Whichever you prefer.

Typically when discussing items after they have been identified the enhancement bonus of a weapon is completely dependent on whether or not your group would find mentioning the numbers to be atmosphere-breaking and unwanted.

If you're speaking to a character after they have found and identified a weapon they'll need to know the level of enhancement and special characteristics of the weapon so they know what bonus to give themselves when attacking various critters, however when you're trying to describe things in game and find mentioning numbers would break the atmosphere, I recommend getting a little flowery with your descriptions.

You can use the following descriptors to flower up your text:

  • Masterwork Weapon: This weapon is perfectly balanced and has been crafted by a master weaponsmith to improve its ease of use when fighting evil creatures
  • Masterwork Armor: This armor has been crafted by a master armorsmith, and the seams of the armor do not impede movement as much as a normal set of armor would.
  • +1: This weapon has a slight enhancement to improve its effectiveness against enemies of any kind.
  • +2: Substitute "moderate" for "slight"
  • +3: Substitute "substantial" for "slight", the weapon quivers slightly, indicating its power when held.
  • +4: Substitute "strong" for "slight", the weapon hums lightly in your hand and fills you with a sense of strength.
  • +5: Substitute "overpowering" for "slight", the weapon resonates powerfully in your hand, filling you with power.

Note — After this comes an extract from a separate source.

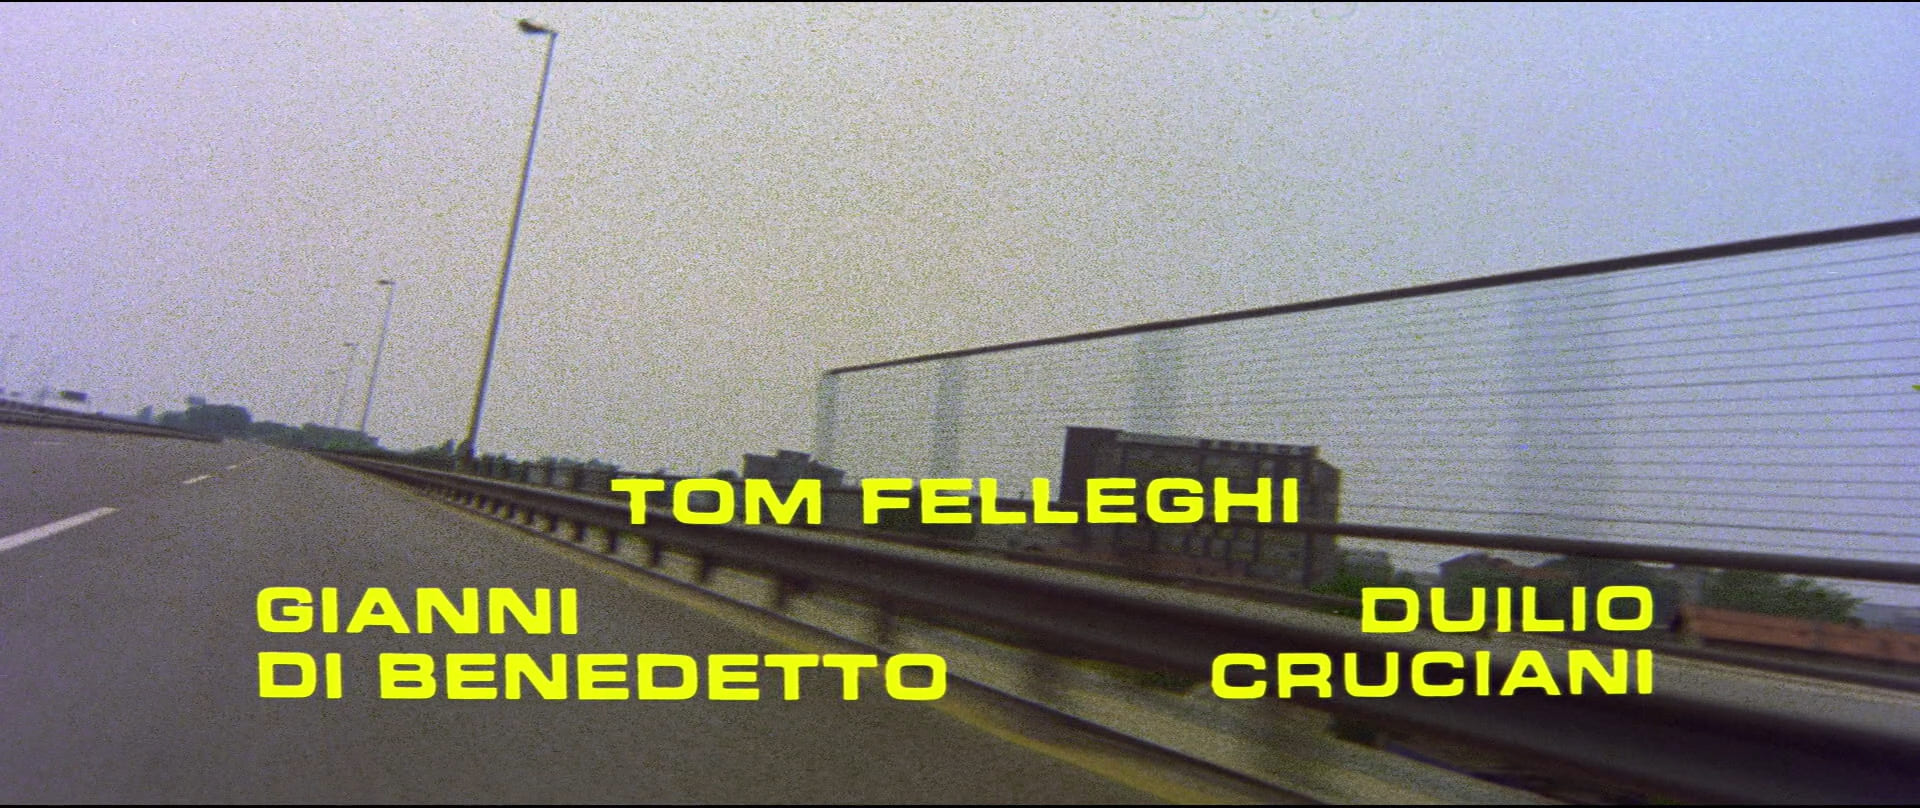 1975 _ Il Giustiziere Sfida La Città _ Comandante Ferrari _ Accreditato Come Tom Felleghi _ 04.jpg

You feel that this weapon has been enchanted by a master wizard and has an edge stronger than most you'll find, and easily cuts through almost anything.
  • Keen: This weapon is sharp, overwhelmingly so, and easily pierces armor.
  • Flaming: This weapon fills you with warmth when picked up.
  • Frost: An unearthly chill cascades through your body when this weapon is picked up.
  • Shock: Your hair stands on end when removing this weapon from its sheath.
  • Adamantine: This weapon has a green hue, and a sharp perfectly balanced edge that will never break or chip.
  • Mithral: This weapon made of light silvery metal seems flimsy, but is strong and feels much lighter than other weapons of similar make.
  • Cursed: Upon picking up this weapon you are filled with a sense of dread and bloodthirst, and your will is seized upon.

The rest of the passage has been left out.